Parameter fitting with automatic differentiation
Source:vignettes/parameter-fitting.Rmd
parameter-fitting.RmdA distinctive feature of odelia is that ODE systems are
templated on their scalar type, so the solver can run with an
automatic differentiation (AD) number type as well as ordinary
double. This lets the solver return the exact gradient of a
loss function — the mismatch between the solution and a set of target
observations — with respect to the system’s parameters. Those gradients
can then be handed to a gradient-based optimiser to calibrate the
model.
This vignette demonstrates the workflow by recovering known Lorenz parameters from a reference trajectory.
Generate a reference trajectory
First we solve the system with known “true” parameters to produce the data we will later try to recover.
true_pars <- c(sigma = 10.0, R = 28.0, b = 8.0 / 3.0)
lz <- LorenzSystem$new(sigma = true_pars[1], R = true_pars[2], b = true_pars[3])
lz$set_initial_state(c(1, 1, 1), t0 = 0)
ctrl <- OdeControl$new()
runner <- Lorenz_Solver$new(lz$ptr, ctrl$ptr)
runner$advance_adaptive(c(0, 1))
times <- runner$times()
hist <- runner$history()
# The internal solver times that coincide with stored output rows
obs_index <- which(times %in% hist$time)
target_vals <- as.matrix(hist[, c("x", "y", "z")])Set up an AD-enabled solver
We move the system parameters away from the truth (this is our
starting guess), then build a solver with active = TRUE to
enable AD, and register the calibration target.

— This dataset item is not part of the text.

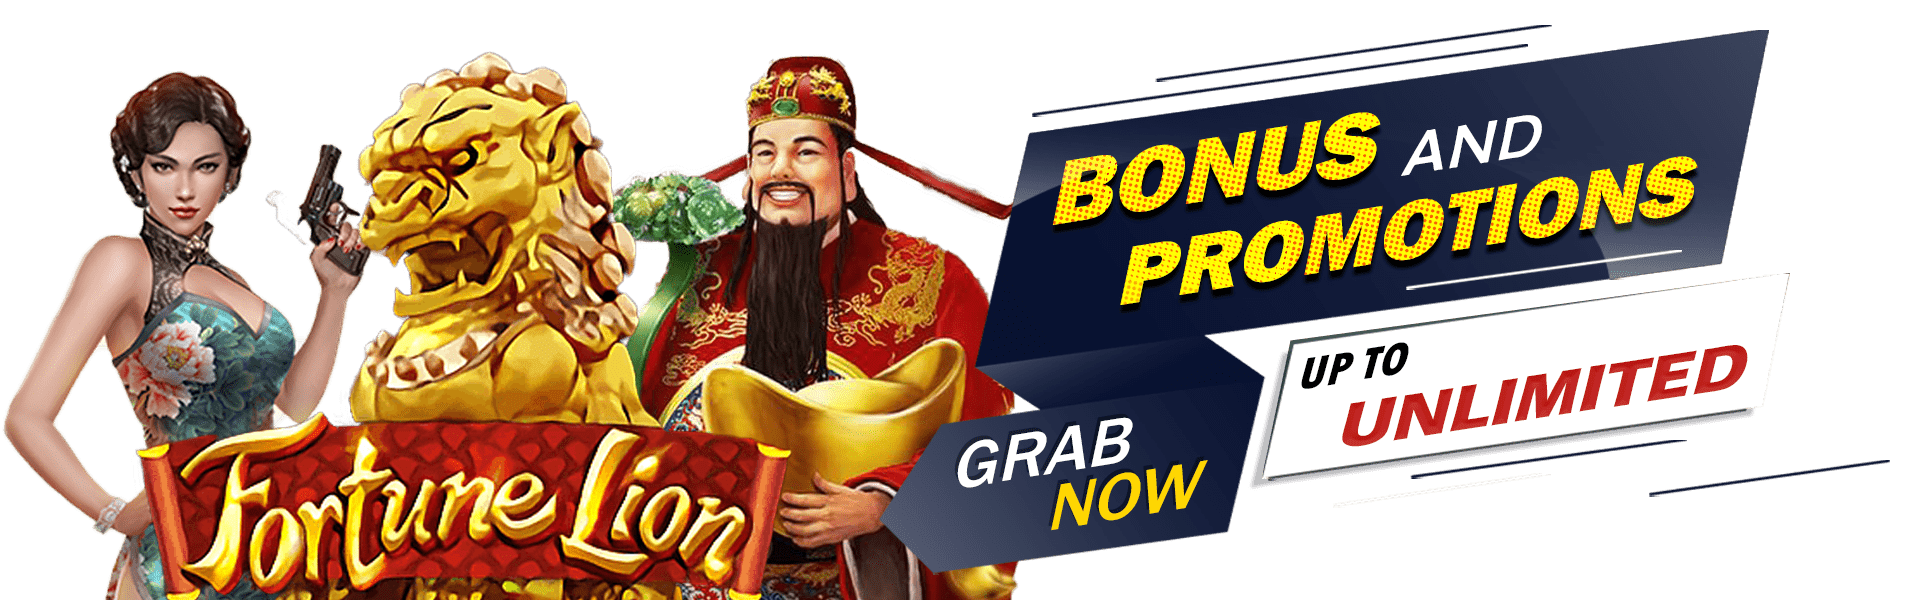 sa gaming bonus and promotion banner

initial_guess <- c(sigma = 12.0, R = 30.0, b = 3.0)
lz$set_params(initial_guess)
ad_runner <- Lorenz_Solver$new(lz$ptr, ctrl$ptr, active = TRUE)
ad_runner$set_target(times, target_vals, obs_index)The $fit() method solves the system for a given
parameter vector and returns both the loss and its exact gradient:
res0 <- ad_runner$fit(params = initial_guess)
res0$loss
#> [1] 3.480593
res0$gradient
#> [1] 1.0865743 0.4861987 1.9423226Optimise
Because each $fit() call returns both loss and gradient,
we cache the most recent result so the optimiser does not have to re-run
the solver to obtain the gradient separately.
memoise_fit <- function(runner) {
cache_p <- NULL
cache_res <- NULL
fn <- function(p) {
cache_res <<- runner$fit(params = p)
cache_p <<- p
cache_res$loss
}
gr <- function(p) {
if (!identical(p, cache_p)) fn(p) # populate cache if stale
cache_res$gradient
}
list(obj = fn, grad = gr)
}
helper <- memoise_fit(ad_runner)
res <- optim(
par = initial_guess,
fn = helper$obj,
gr = helper$grad,
method = "L-BFGS-B",
control = list(maxit = 100)
)
res$convergence # 0 indicates successful convergence
#> [1] 0
res$value # final loss, should be ~0
#> [1] 2.697385e-13Check the recovered parameters
rbind(true = true_pars, recovered = res$par)
#> sigma R b
#> true 10 28 2.666667
#> recovered 10 28 2.666667The optimiser recovers the true parameters to high precision, confirming that the gradients produced by AD are correct and usable for calibration.